Doug C. answered • 09/03/23
Math Tutor with Reputation to make difficult concepts understandable
This does not seem like a problem for a middle schooler, but let's give it a shot.
Let x = #starting chips for girl who loses the 1st round (1st girl)
Let y = #starting chips for girl who loses the 2nd round (2nd girl)
Let z = #starting chips for girl who loses the 3rd round (3rd girl)
At the end of round 1: y and z will double their chips so they will have respectively 2y and 2z.
x will lose y and z chips (to help her opps double)
At the end of round 1 the chips look like this:
x - y - z , 2y, 2z
For round 2:
1st girl doubles: 2 (x - y - z) ; the expression in parentheses is part of what 2nd girl loses
3rd girl doubles: 2 (2z)
2nd girl takes away the amounts that double the other girls: 2y - (x - y - z) - 2z = -x +3y - z
At the end of round 2:
2x -2y - 2z, -x +3y - z, 4z
Ready for round 3:
1st girl doubles current chips: 2 ( 2x - 2y -2z)
2nd girl doubles: 2 (-x + 3y -z)
3rd girl loses the chips that double the others: 4z - (2x - 2y - 2z) - (-x +3y - z)

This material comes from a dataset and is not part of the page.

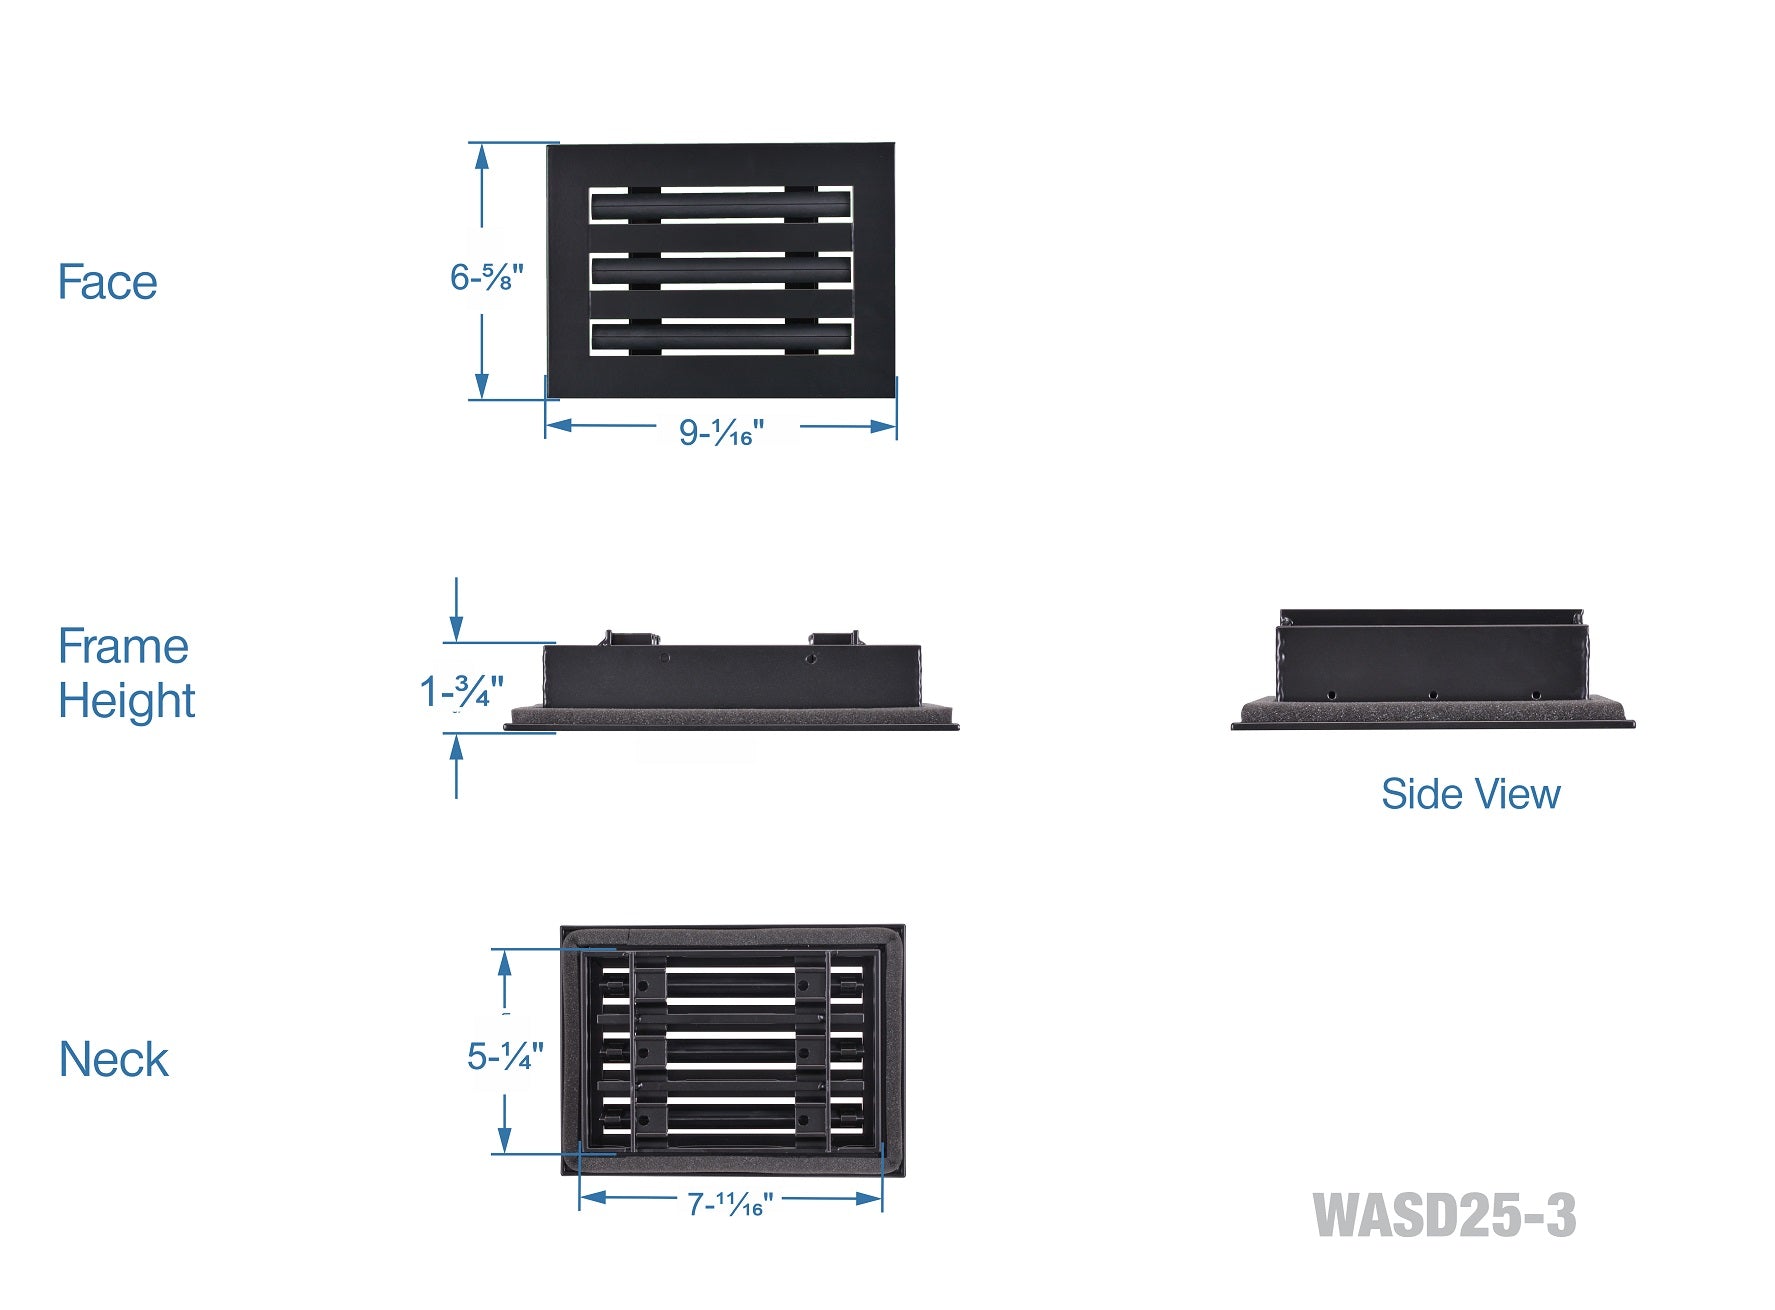 8x6" Linear Slot Diffuser HVAC Air Vent Cover (black)

At the end of the final round:
1st girl: 4x - 4y - 4z = 40
or, x - y - z = 10
2nd girl: -2x +6y - 2z = 40
or, -x +3y -z = 20
3rd girl (let's simplify: 4z - 2x + 2y +2z + x - 3y + z = -x - y +7z
so:
-x - y +7z = 40
Now we have three equations and three unknowns:
1) x - y - z = 10
2) -x +3y -z =20
3) -x -y +7z =40
Eliminate x from 1 and 2 by adding those two equations:
2y - 2z = 30, y - z = 15
Eliminate x from 1 and 3 by adding those two equations:
-2y +6z = 50; -y +3z = 25
Down to two equations and two unknowns:
y - z = 15
-y + 3z = 25
Add to eliminate y:
2z = 40
z = 20
So, y - 20 = 15; y = 35
And:
x - 35 - 20 = 10
x = 65
Check:
Start: 65, 35, 20
Round 1 (65 loses 35 + 20)
10, 70 40
Round 2 (70 loses 10 + 40)
20, 20, 80
Round 3 (80 loses 20 + 20)
40, 40, 40
That does NOT seem to be a middle school problem!